This exercise requires an exact output of the listing, images omitted.

**Dataset excerpt**

----------

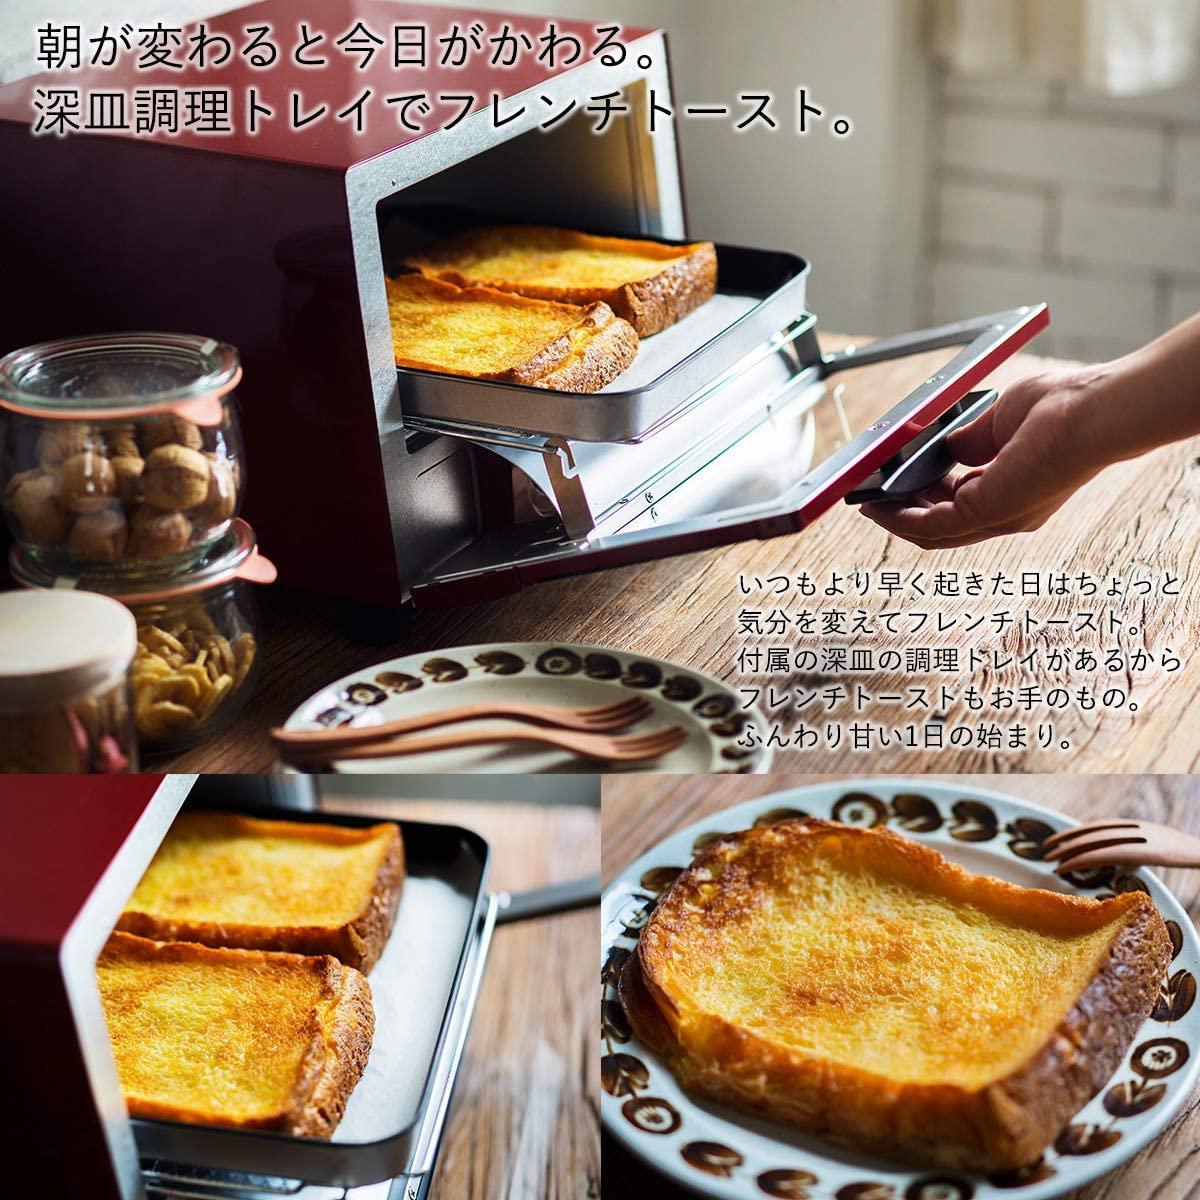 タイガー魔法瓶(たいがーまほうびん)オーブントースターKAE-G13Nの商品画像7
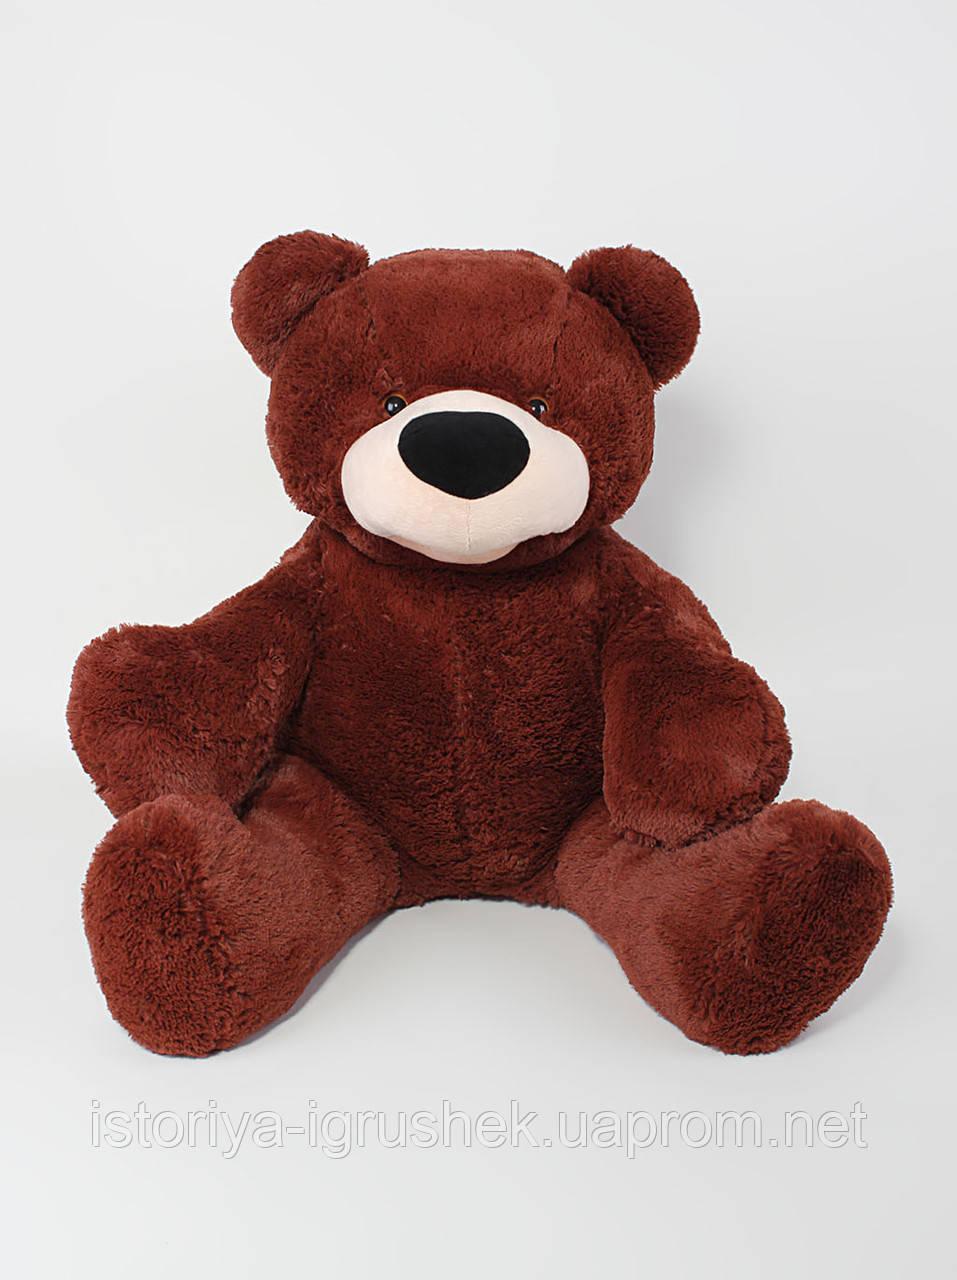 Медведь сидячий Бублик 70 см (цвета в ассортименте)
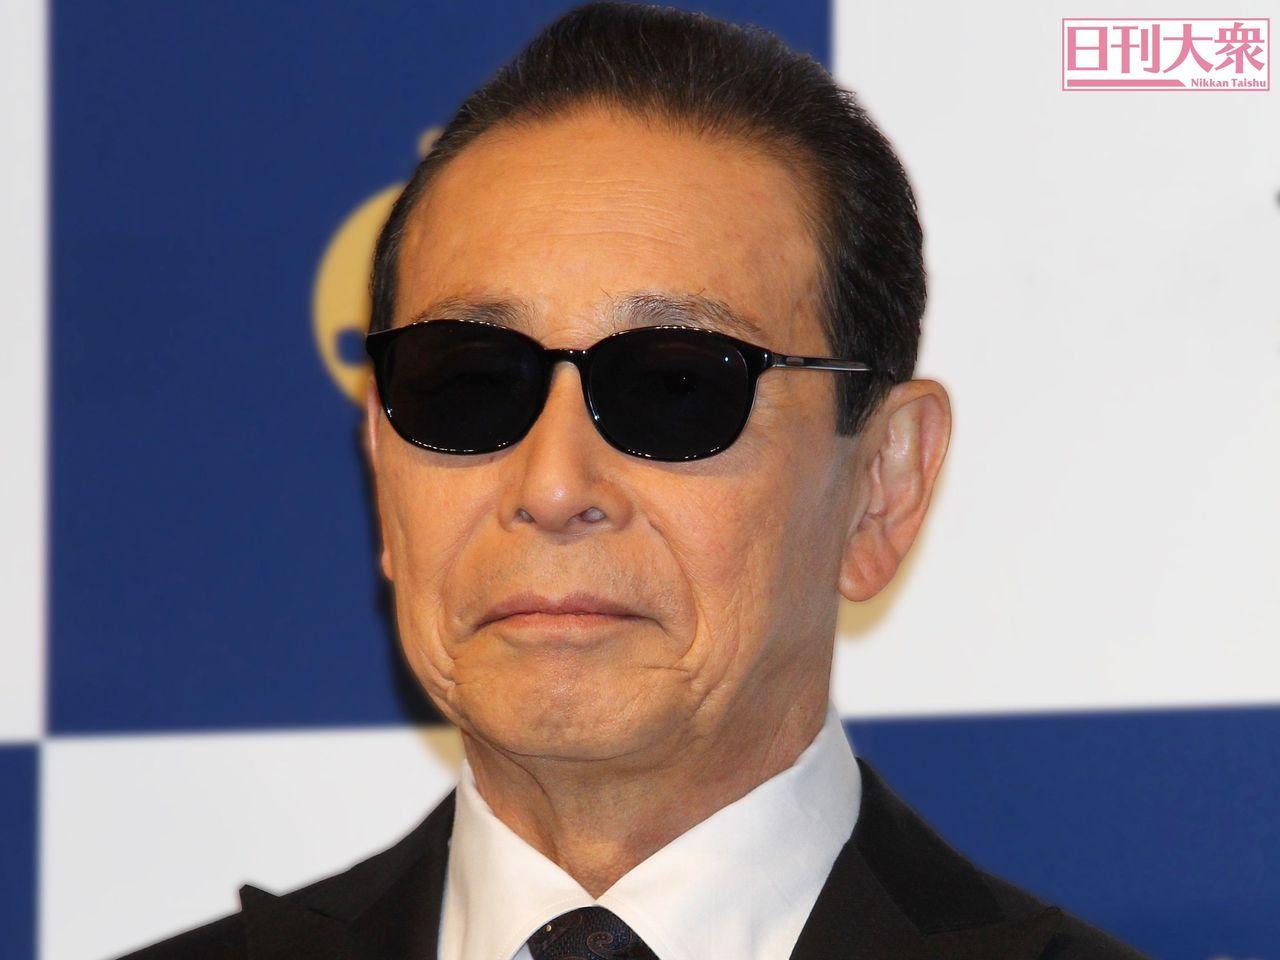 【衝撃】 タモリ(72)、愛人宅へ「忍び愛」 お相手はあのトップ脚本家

----------

**Exercise solution**
 タイガー魔法瓶(たいがーまほうびん)オーブントースターKAE-G13Nの商品画像7
 Медведь сидячий Бублик 70 см (цвета в ассортименте)
 【衝撃】 タモリ(72)、愛人宅へ「忍び愛」 お相手はあのトップ脚本家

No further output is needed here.